The debate over the extended school year program in the US is multifaceted, and the term extended school year itself can be defined in a number of different ways. However, all of the various extended school year (ESY) programs do provide education in excess of a standard 180 day academic year.
In terms of the legal arguments for an extended school year program, the issues of recoupment and regression have been the primary focus.
The 2 R’s: Regression and Recoupment
Regression is a loss of academic knowledge and schools that occurs over the summer break, while recoupment refers to reacquiring this lost knowledge. The idea of the ESY program is not new in the US, with 49 of the 50 states having some type of policy or statue that mandates these programs or allows individual school districts within the state to implement them as an option.

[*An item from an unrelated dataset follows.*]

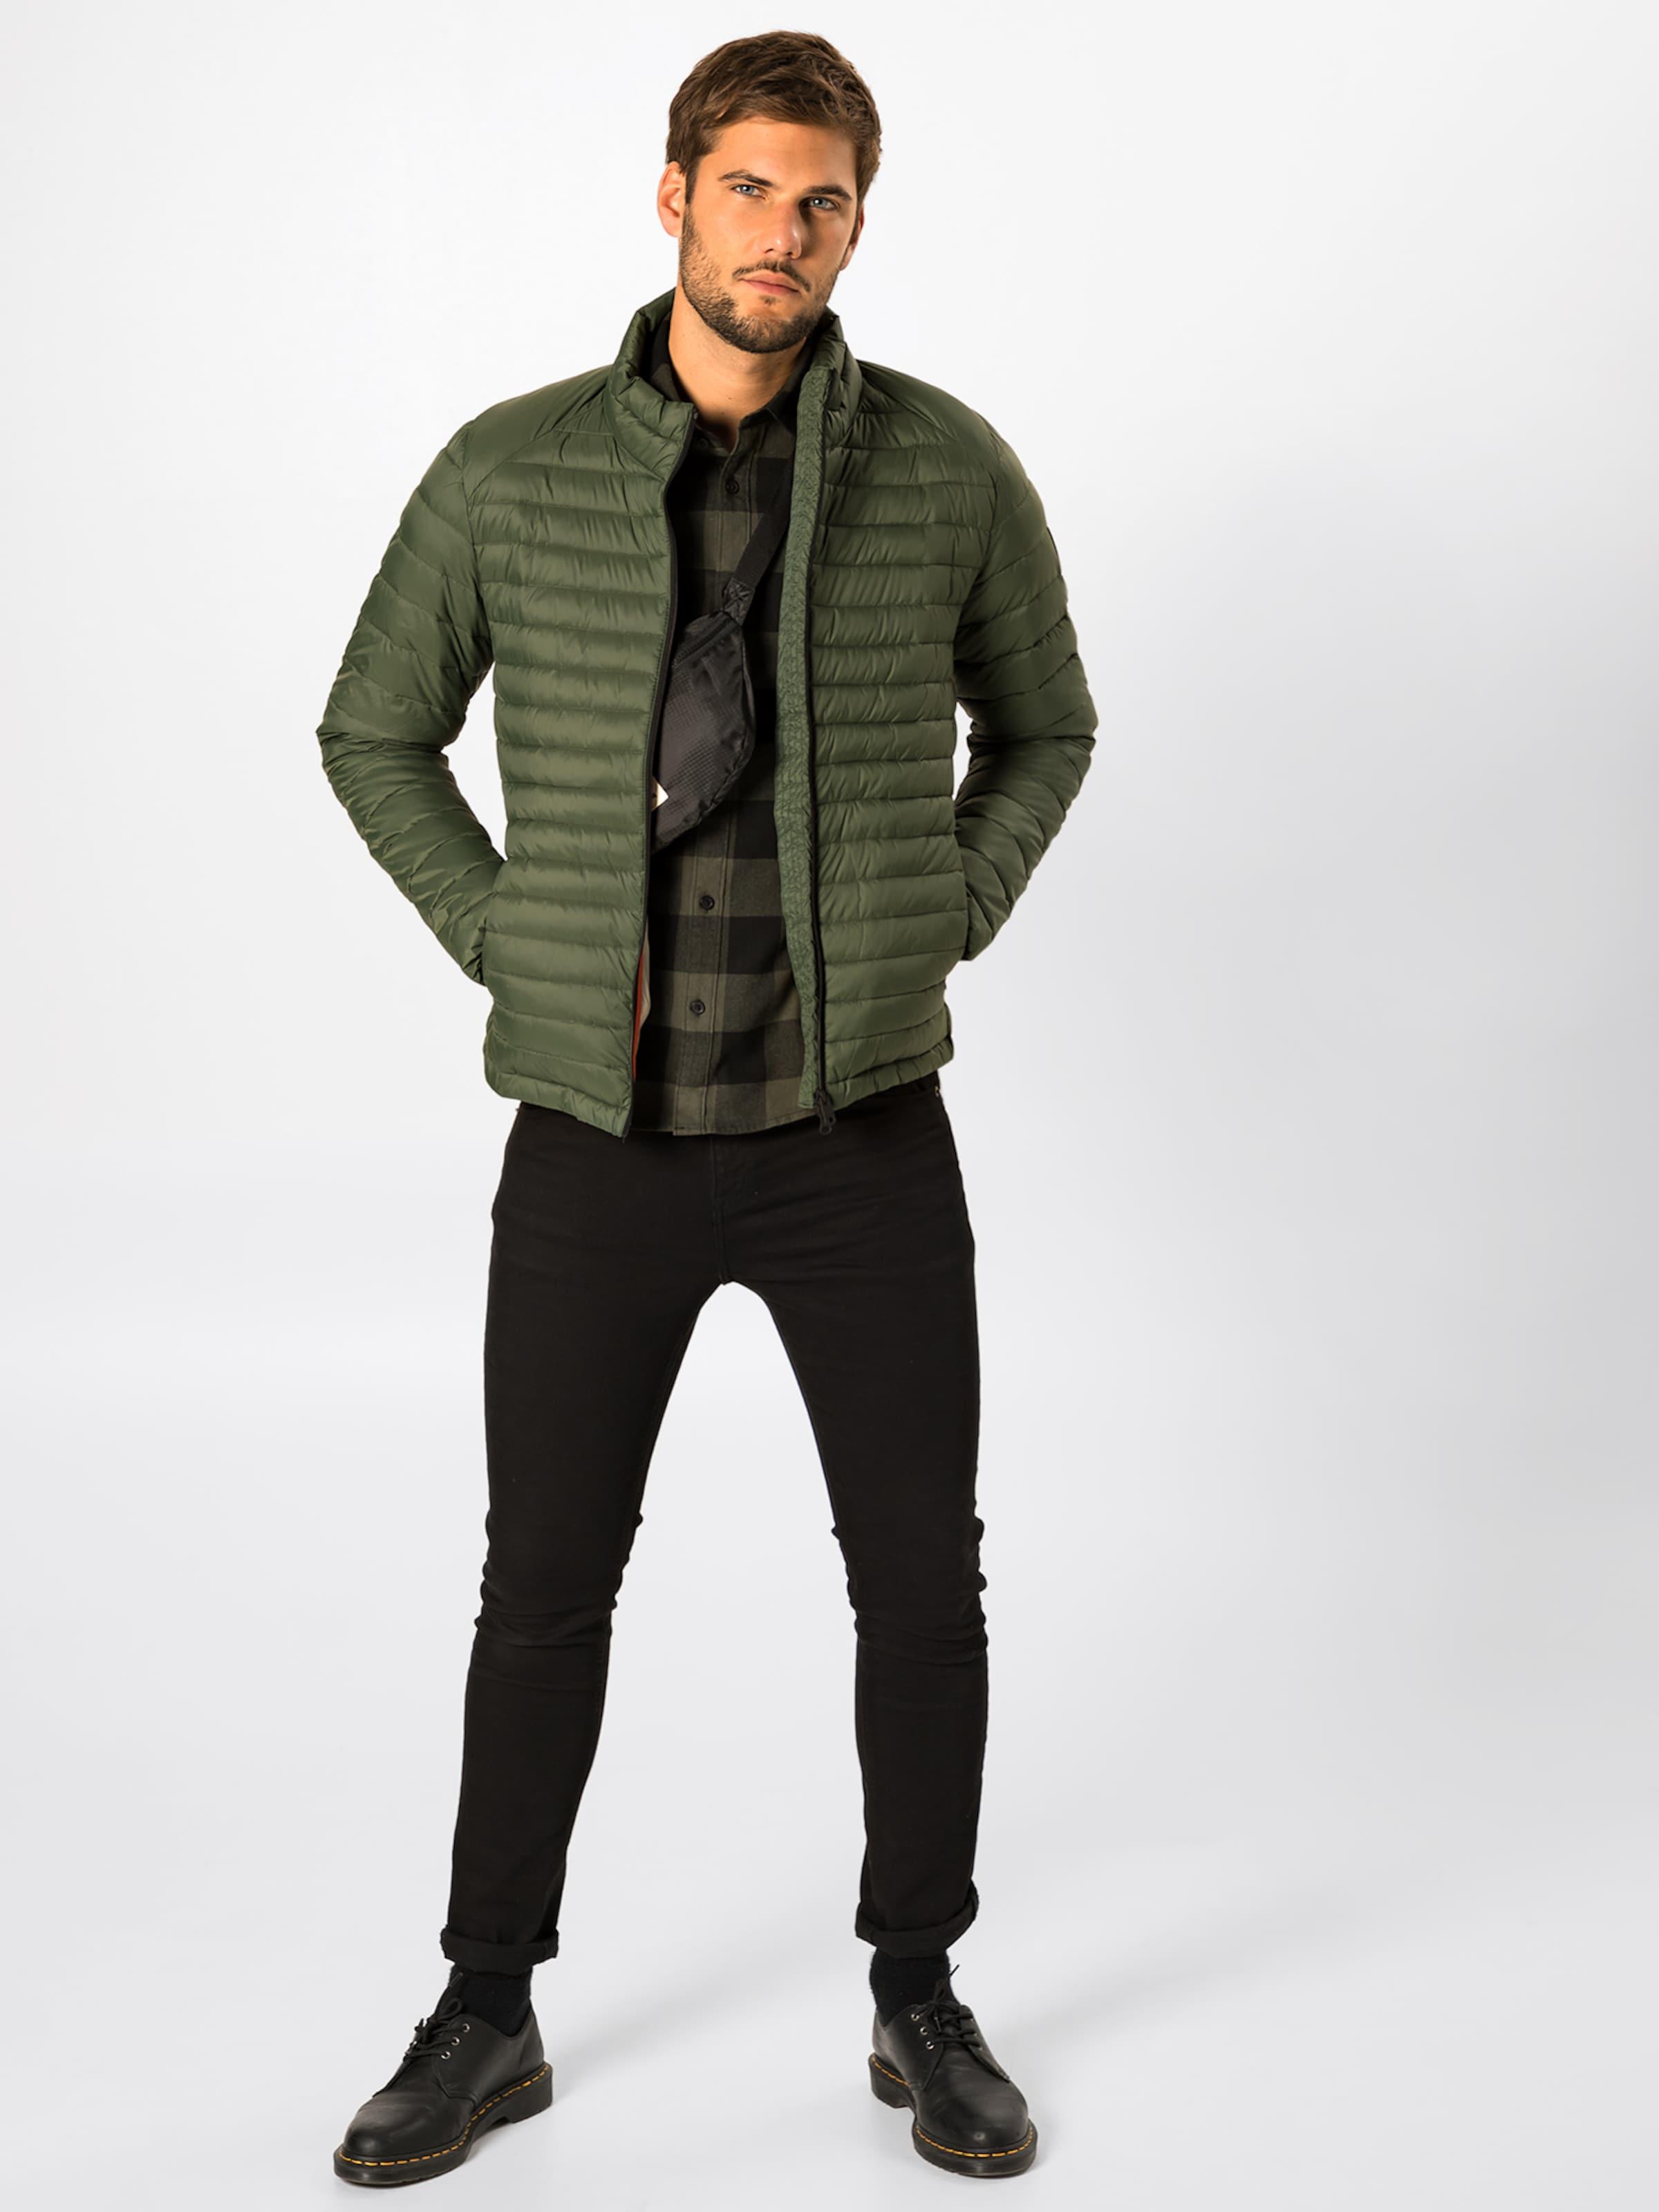 Mi En Olive Ecoalf Veste saison 'beret' QhtsrdC

Special Needs, Special Programs
The extended school year program has been a hot topic in the field of special education as well, with some dramatically different programs emerging from different states and school districts. One example of an ESY program for special needs children involves 4 days of classes per week which run for 5 hours per day. There is less than 1 month of summer break per year in this type of program.
Special needs are just one of the various requirements used by ESY programs to determine eligibility for and delivery of the program. In general, proponents of ESY argue that these programs are necessary for any students who would otherwise experience a high level of regression and recoupment in a traditional school year program. On average, students regress by about 4% over the summer vacation but students with moderate to severe learning disorders experience a higher rate of regression and slower recoupment.

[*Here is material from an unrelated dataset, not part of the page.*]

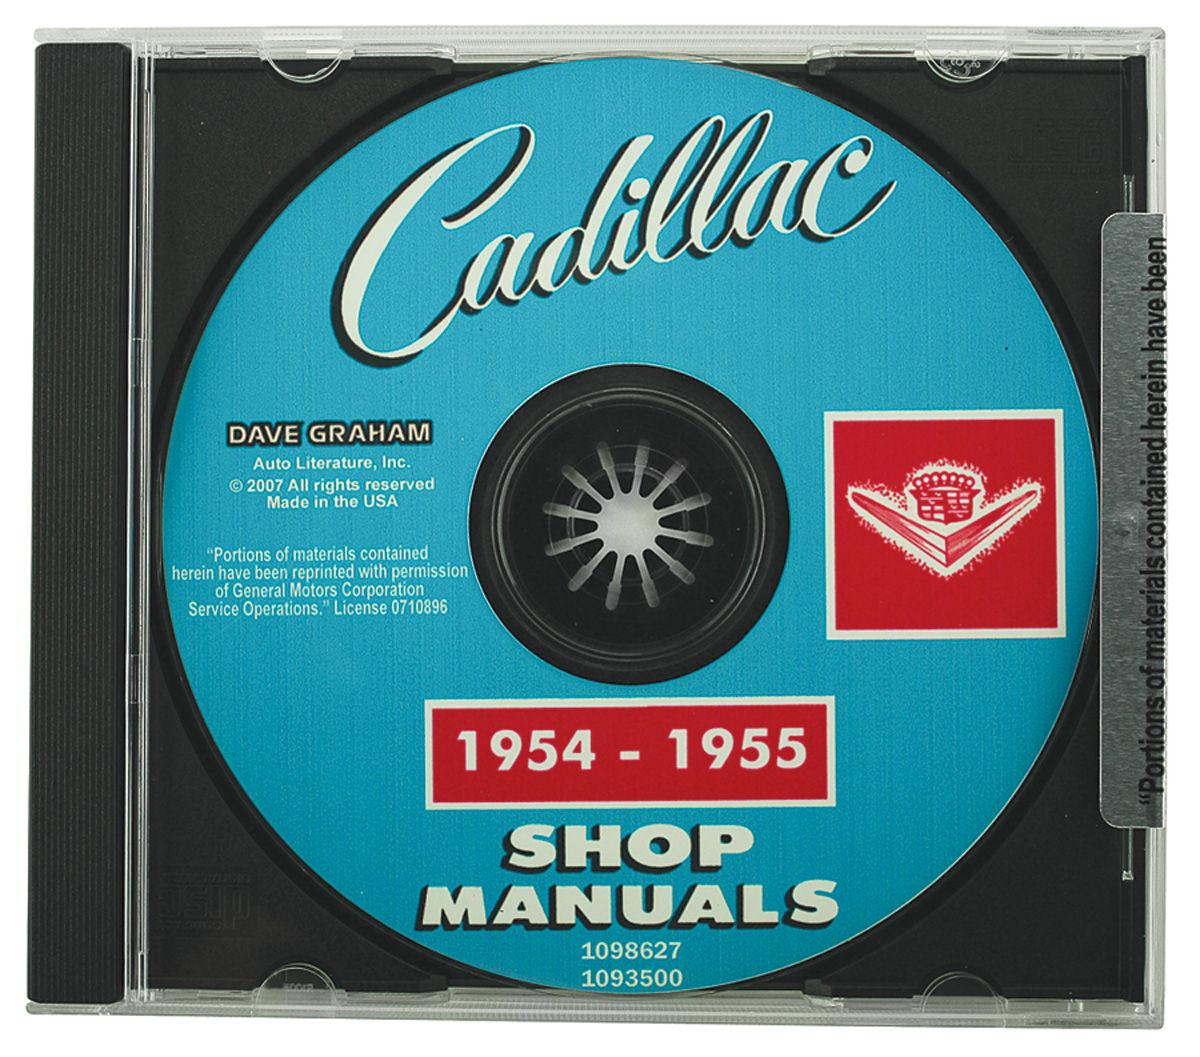 Factory Shop Manuals, CD-ROM, 1942-47 Cadillac

Alternative Schools and Options
Some alternative schools also offer comprehensive ESY programs for their students. Many programs offers students a choice of tracks which focus on their unique academic and social needs and offer flexibly structured learning experiences which take place both inside and outside of the classroom. These types of programs encourage each student to develop an independent education plan and provide them with unique options to help develop their skills and interests. An important focus of many extended school year programs is to help students develop social skills along with improved academic performance.
Some examples of the offerings provided through ESY programs include summer therapeutic activity programs, bridge to college programs, drama programs and social and community activities programs. ESY programs can be an excellent alternative for students who are having a difficult time excelling in a traditional school year program.